On Thursday, researchers from Google introduced a brand new generative AI mannequin known as MusicLM that may create 24 KHz musical audio from textual content descriptions, equivalent to “a chilled violin melody backed by a distorted guitar riff.” It could actually additionally rework a hummed melody into a special musical fashion and output music for a number of minutes.
MusicLM makes use of an AI mannequin skilled on what Google calls “a giant dataset of unlabeled music,” together with captions from MusicCaps, a brand new dataset composed of 5,521 music-text pairs. MusicCaps will get its textual content descriptions from human specialists and its matching audio clips from Google’s AudioSet, a group of over 2 million labeled 10-second sound clips pulled from YouTube movies.
Usually talking, MusicLM works in two major components: first, it takes a sequence of audio tokens (items of sound) and maps them to semantic tokens (phrases that characterize which means) in captions for coaching. The second half receives person captions and/or enter audio and generates acoustic tokens (items of sound that make up the ensuing tune output). The system depends on an earlier AI mannequin known as AudioLM (launched by Google in September) together with different elements equivalent to SoundStream and MuLan.

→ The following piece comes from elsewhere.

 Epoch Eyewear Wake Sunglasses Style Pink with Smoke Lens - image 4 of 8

Google claims that MusicLM outperforms previous AI music turbines in audio high quality and adherence to textual content descriptions. On the MusicLM demonstration page, Google gives quite a few examples of the AI mannequin in motion, creating audio from “wealthy captions” that describe the texture of the music, and even vocals (which to date are gibberish). Right here is an instance of a wealthy caption that they supply:
Gradual tempo, bass-and-drums-led reggae tune. Sustained electrical guitar. Excessive-pitched bongos with ringing tones. Vocals are relaxed with a laid-back really feel, very expressive.

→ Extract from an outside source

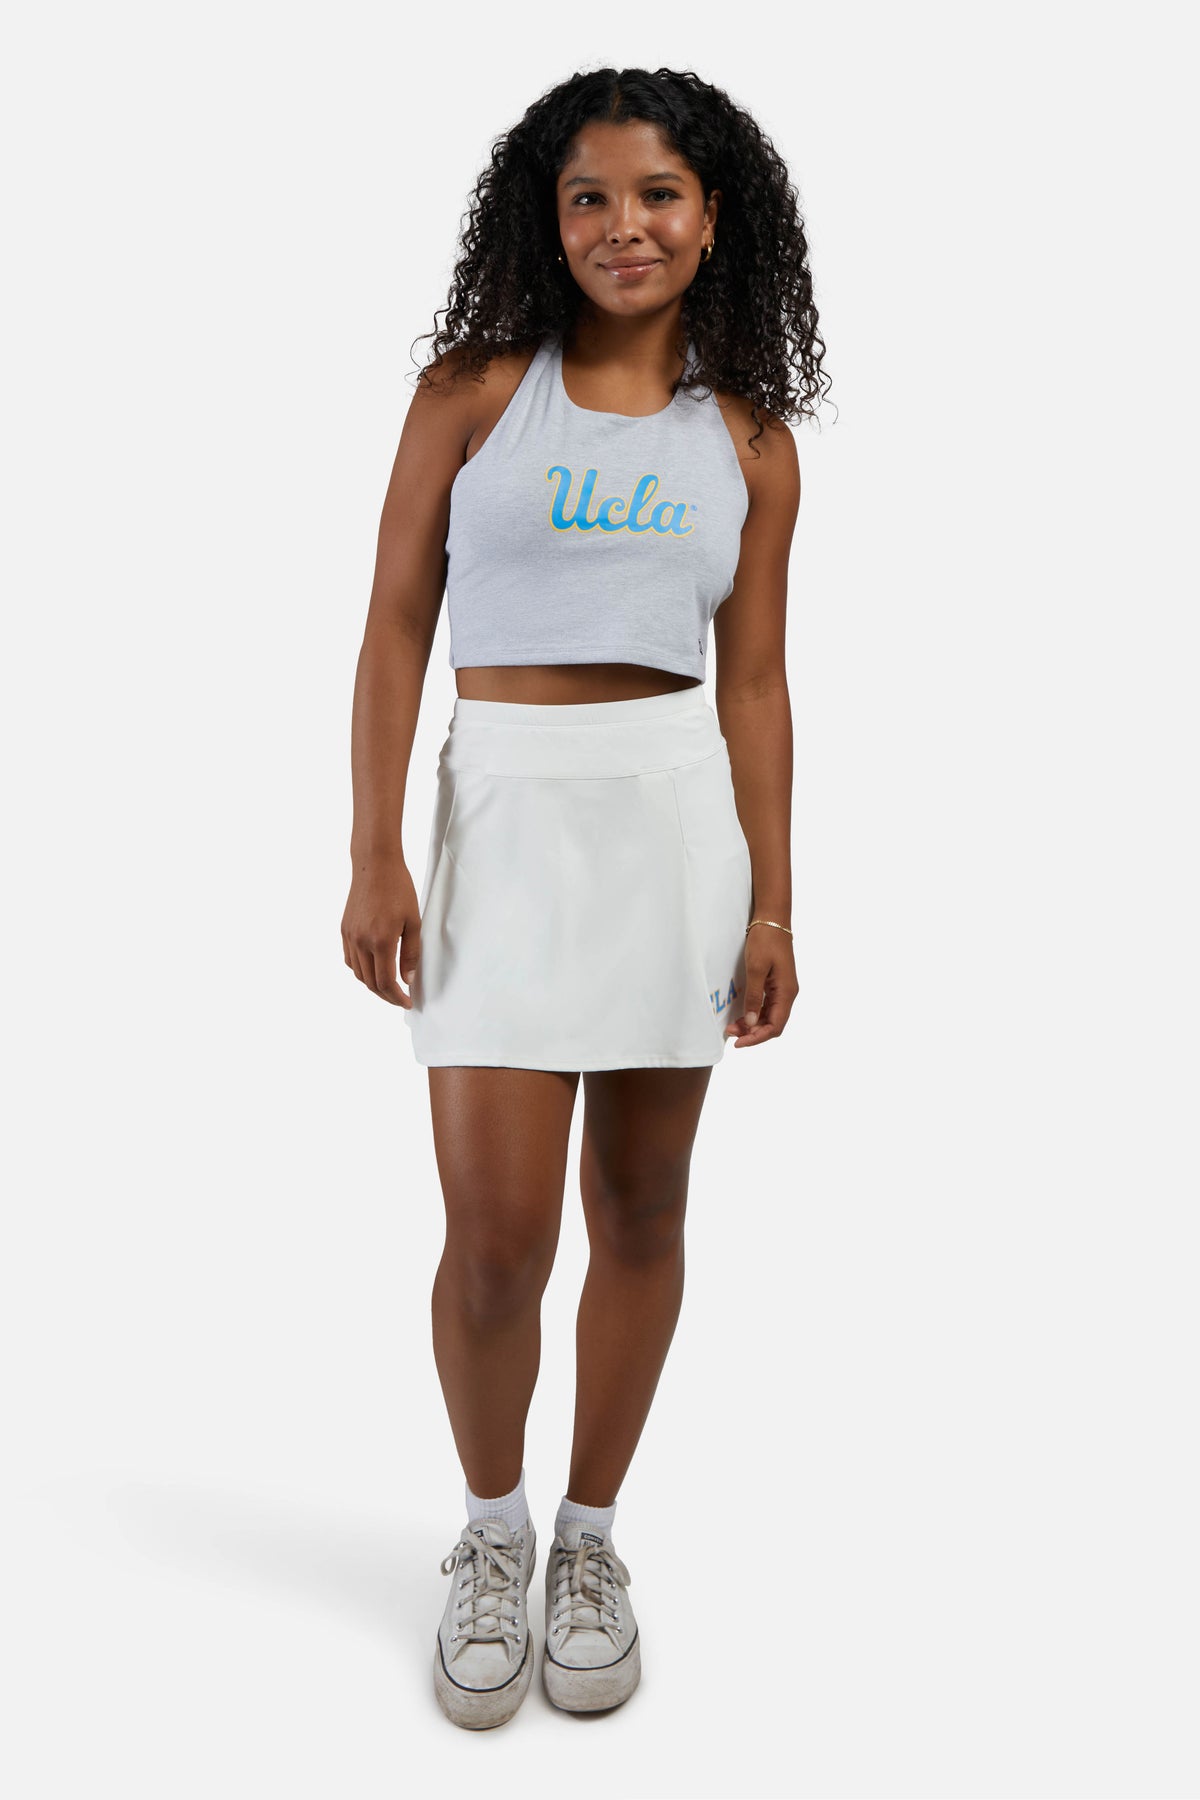 UCLA Athletic Skirt

Google additionally reveals off MusicLM’s “lengthy technology” (creating five-minute music clips from a easy immediate), “story mode” (which takes a sequence of textual content prompts and turns it right into a morphing sequence of musical tunes), “textual content and melody conditioning” (which takes a human buzzing or whistling audio enter and adjustments it to match the fashion specified by a immediate), and producing music that matches the temper of picture captions.
Additional down the instance web page, Google dives into MusicLM’s capability to re-create explicit devices (e.g., flute, cello, guitar), completely different musical genres, numerous musician expertise ranges, locations (escaping jail, gymnasium), time intervals (a membership within the Fifties), and extra.
AI-generated music is not a brand new concept by any stretch, however AI music technology strategies of earlier a long time typically created musical notation that was later performed by hand or via a synthesizer, whereas MusicLM generates the uncooked audio frequencies of the music. Additionally, in December, we coated Riffusion, a pastime AI challenge which may equally create music from textual content descriptions, however not at excessive constancy. Google references Riffusion in its MusicLM academic paper, saying that MusicLM surpasses it in high quality.
Within the MusicLM paper, its creators define potential impacts of MusicLM, together with “potential misappropriation of inventive content material” (i.e., copyright points), potential biases for cultures underrepresented within the coaching knowledge, and potential cultural appropriation points. In consequence, Google emphasizes the necessity for extra work on tackling these dangers, they usually’re holding again the code: “We have now no plans to launch fashions at this level.”
Google’s researchers are already wanting forward towards future enhancements: “Future work might deal with lyrics technology, together with enchancment of textual content conditioning and vocal high quality. One other facet is the modeling of high-level tune construction like introduction, verse, and refrain. Modeling the music at the next pattern charge is a further objective.”
It is most likely not an excessive amount of of a stretch to counsel that AI researchers will proceed bettering music technology know-how till anybody can create studio-quality music in any fashion simply by describing it—though nobody can but predict precisely when that objective will likely be attained or how precisely it would influence the music trade. Keep tuned for additional developments.